(Recorded data):
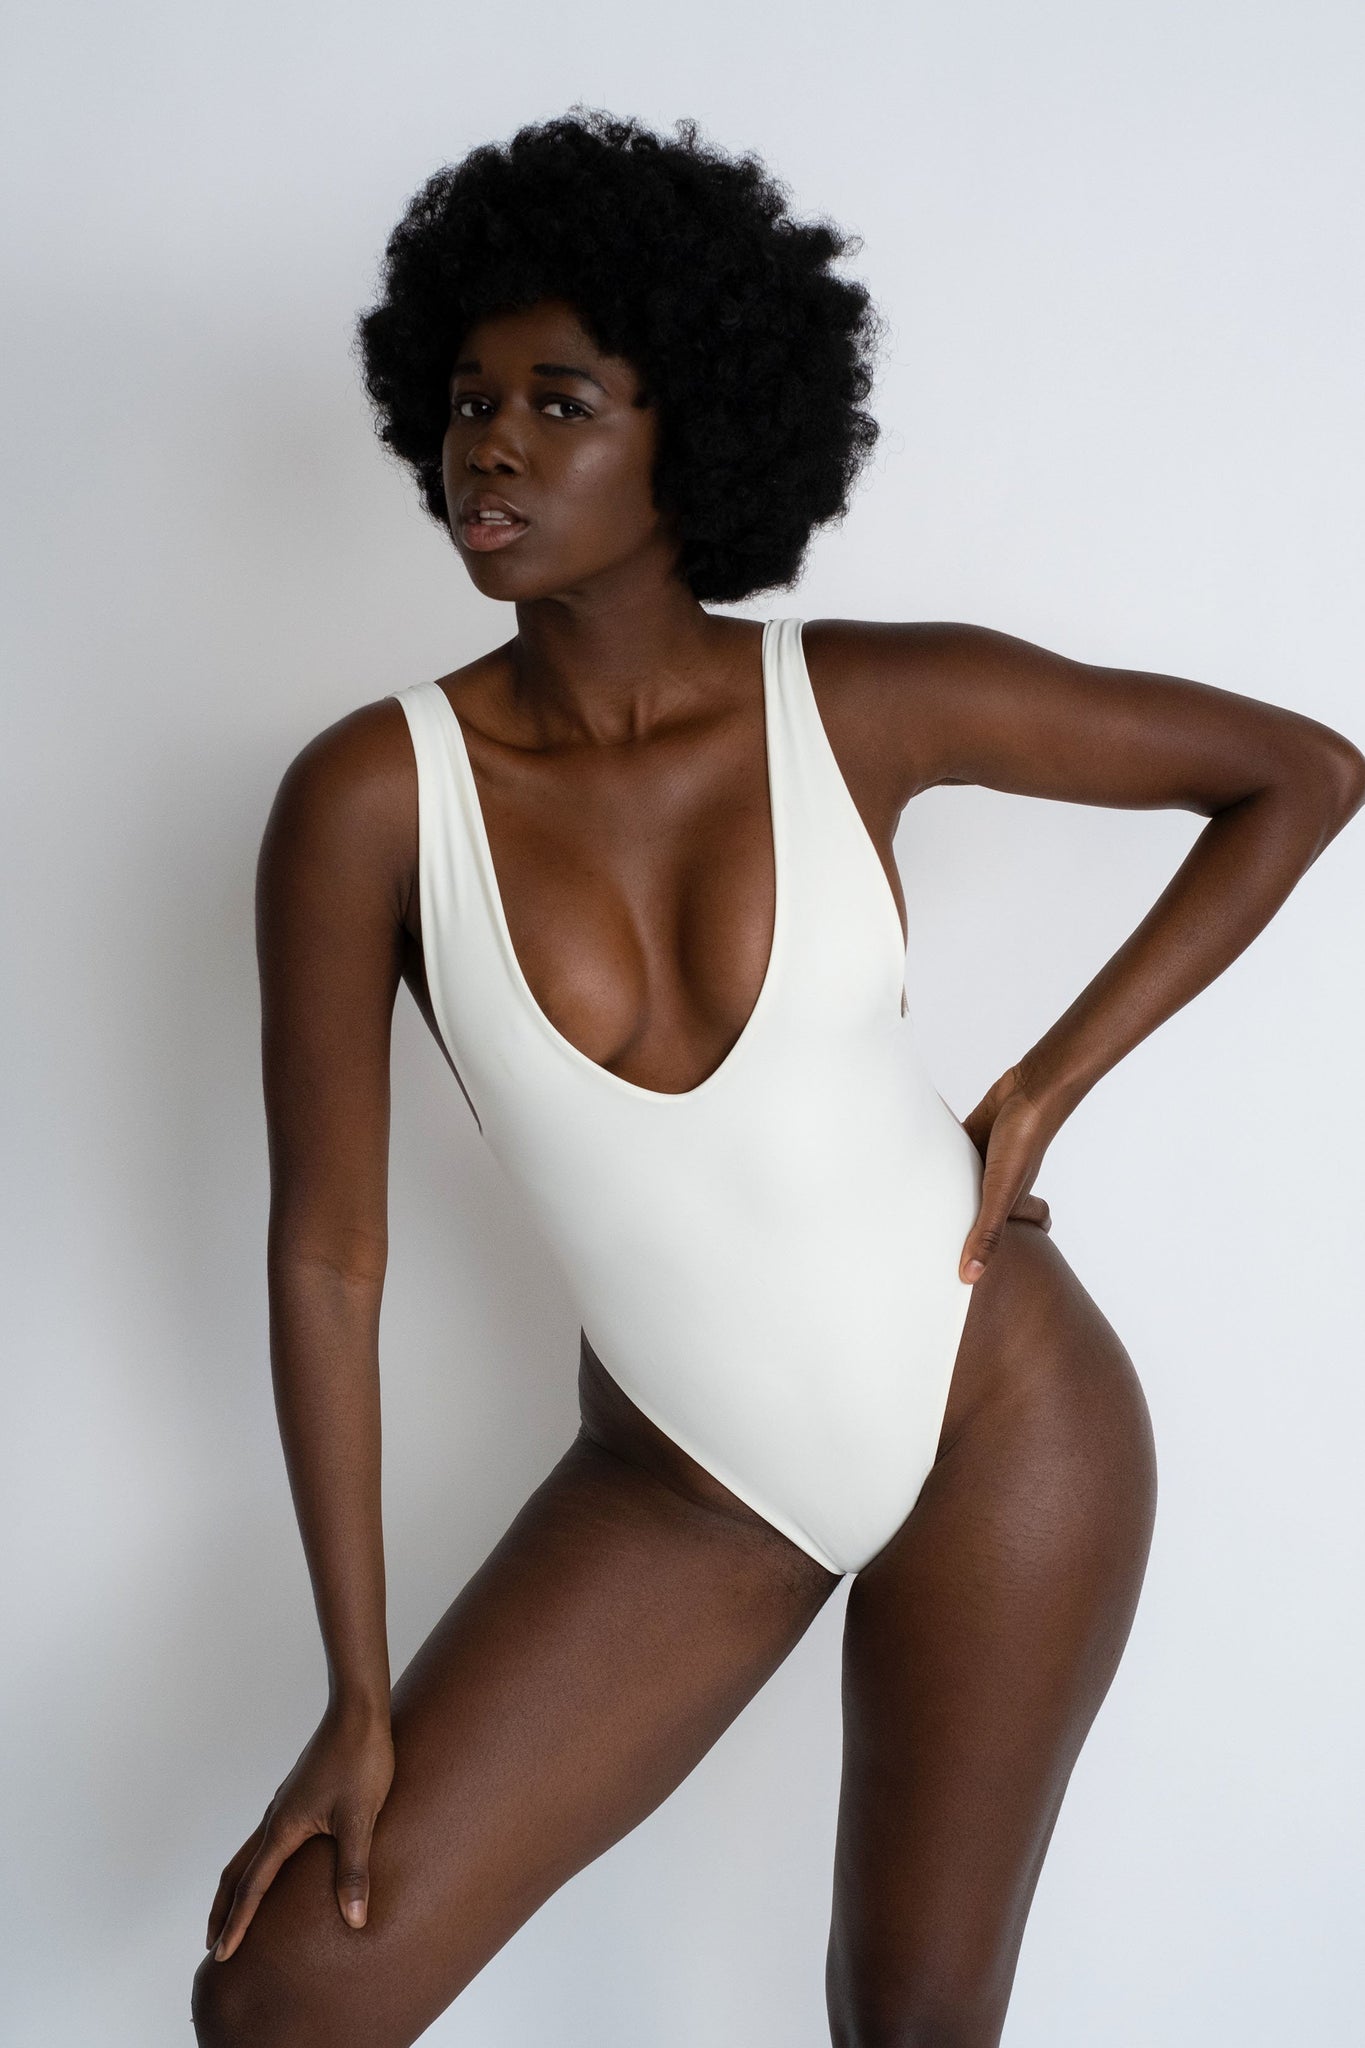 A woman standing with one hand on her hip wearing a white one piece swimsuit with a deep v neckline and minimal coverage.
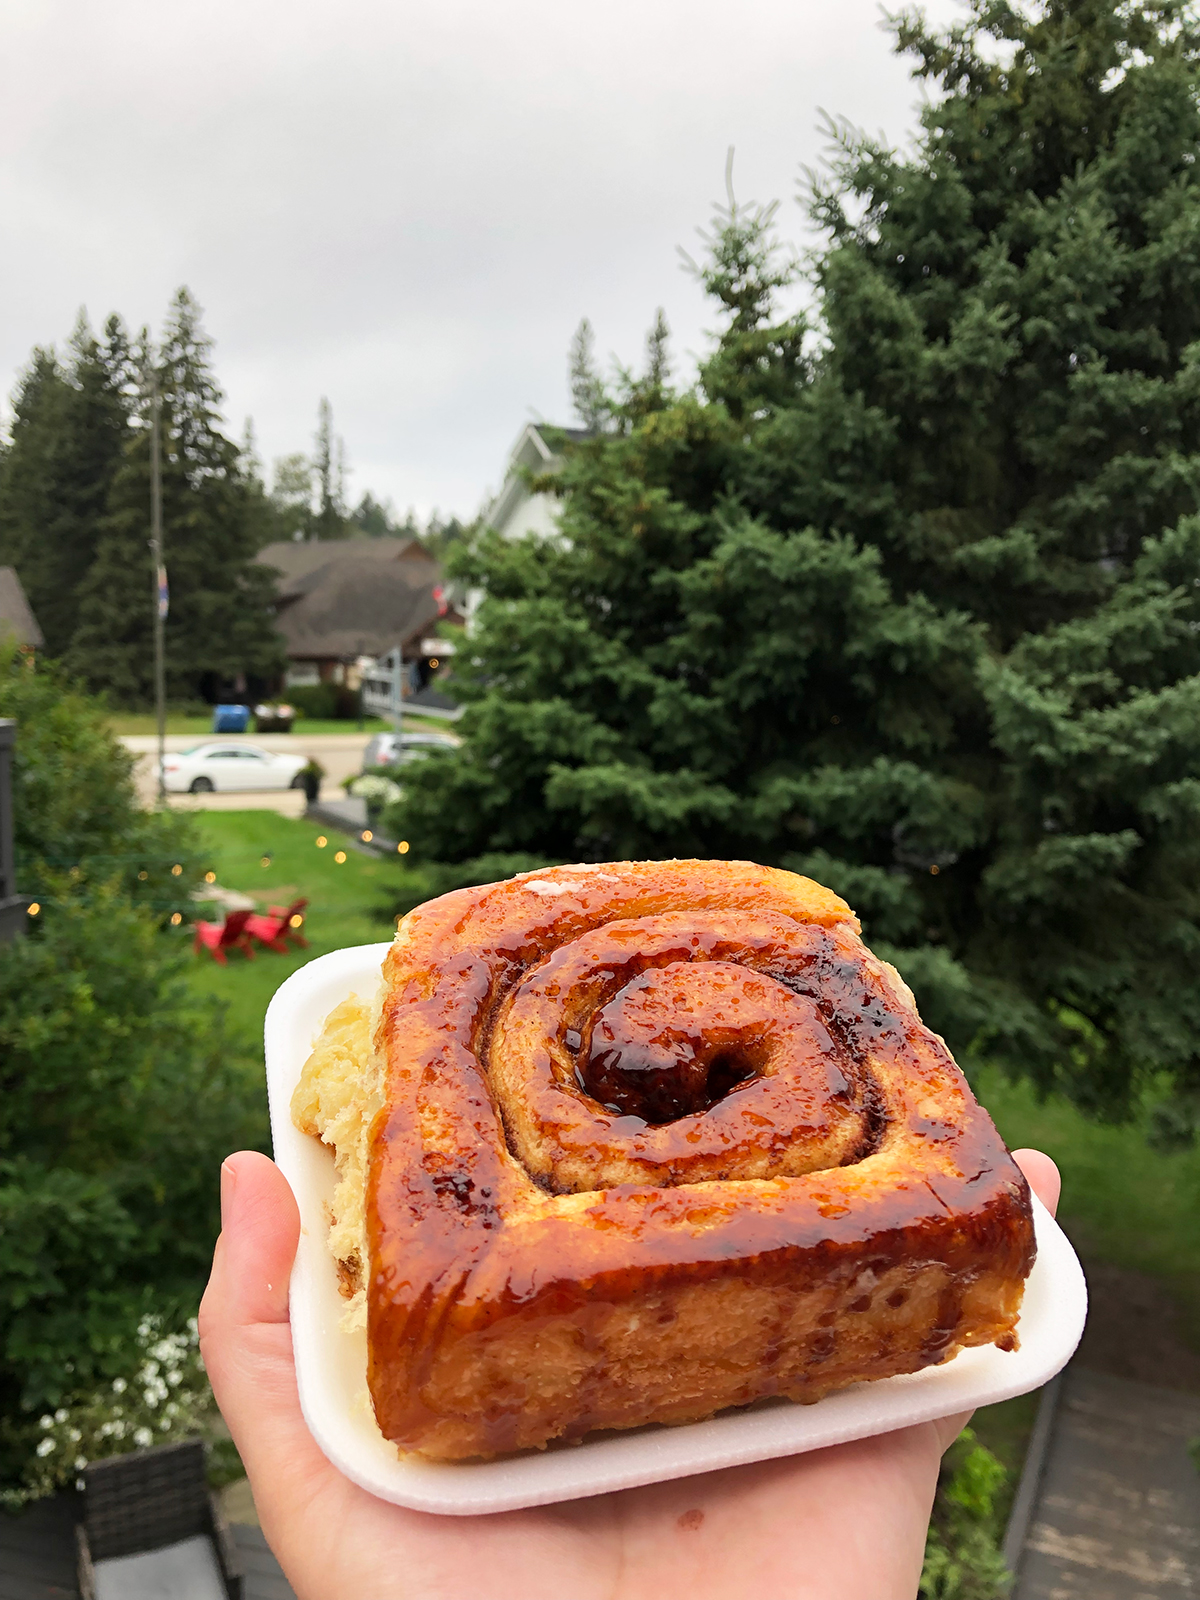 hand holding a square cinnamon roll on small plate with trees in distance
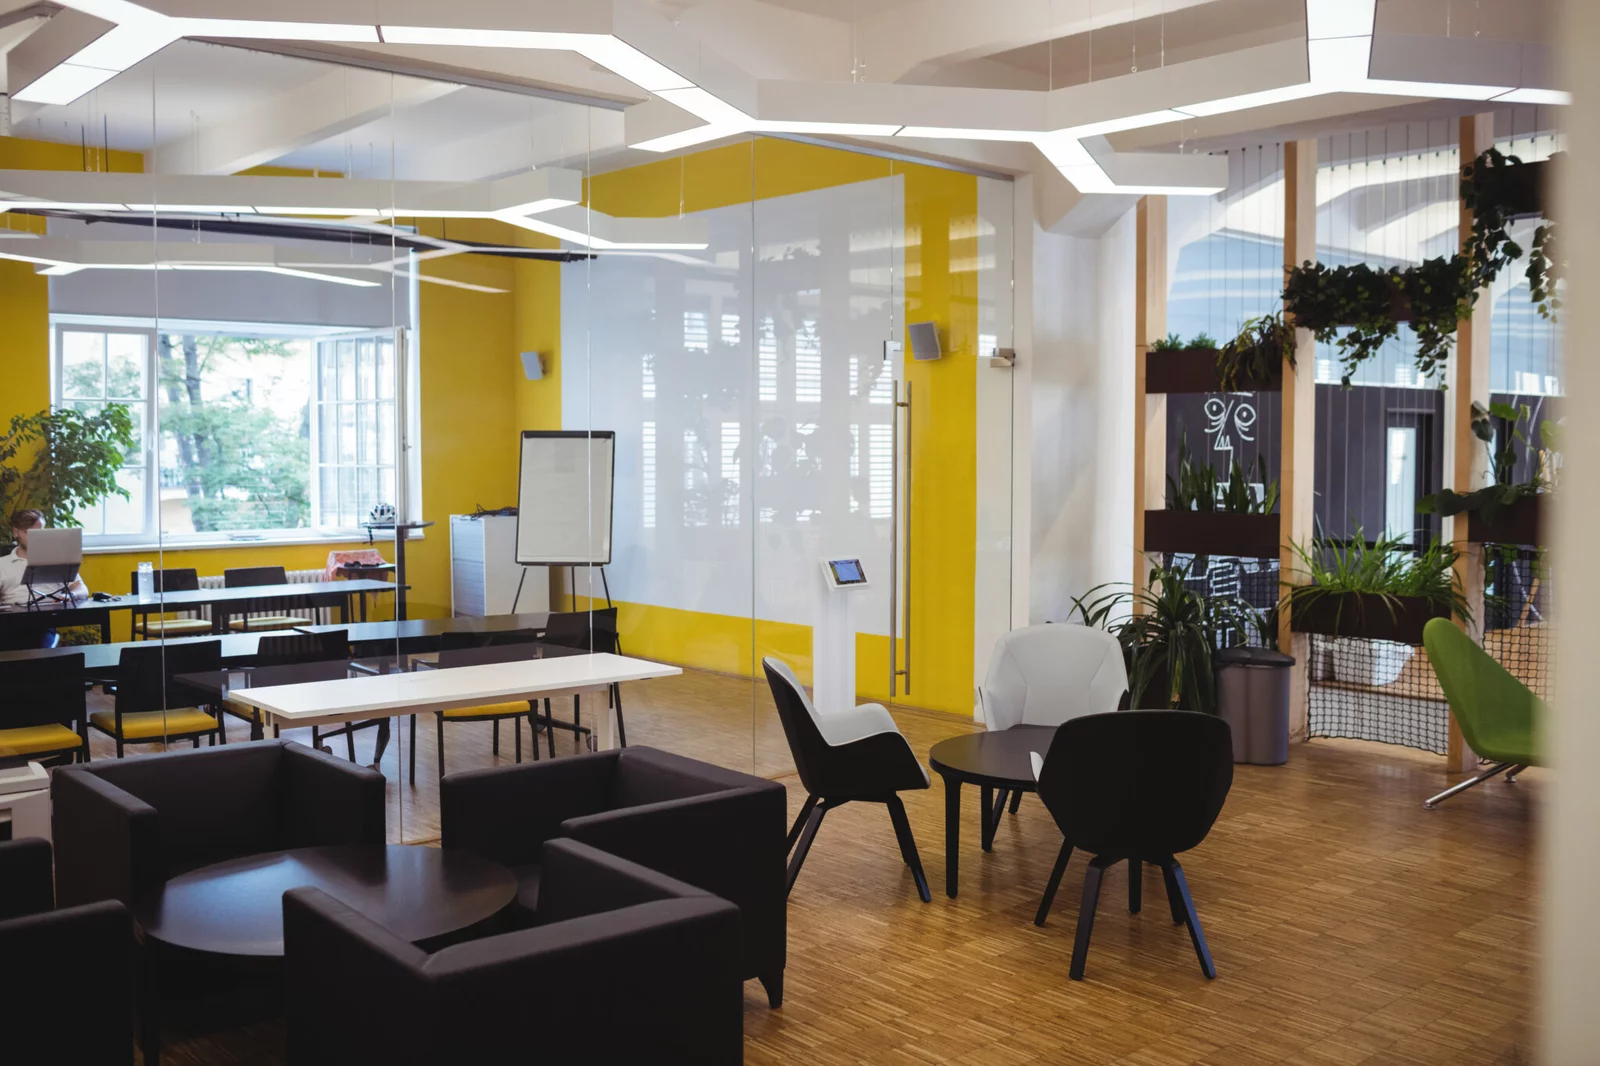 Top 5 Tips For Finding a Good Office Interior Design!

(Task details):
Give back the material above exactly, but without its images.

(Solution):
 A woman standing with one hand on her hip wearing a white one piece swimsuit with a deep v neckline and minimal coverage.
 hand holding a square cinnamon roll on small plate with trees in distance
 Top 5 Tips For Finding a Good Office Interior Design!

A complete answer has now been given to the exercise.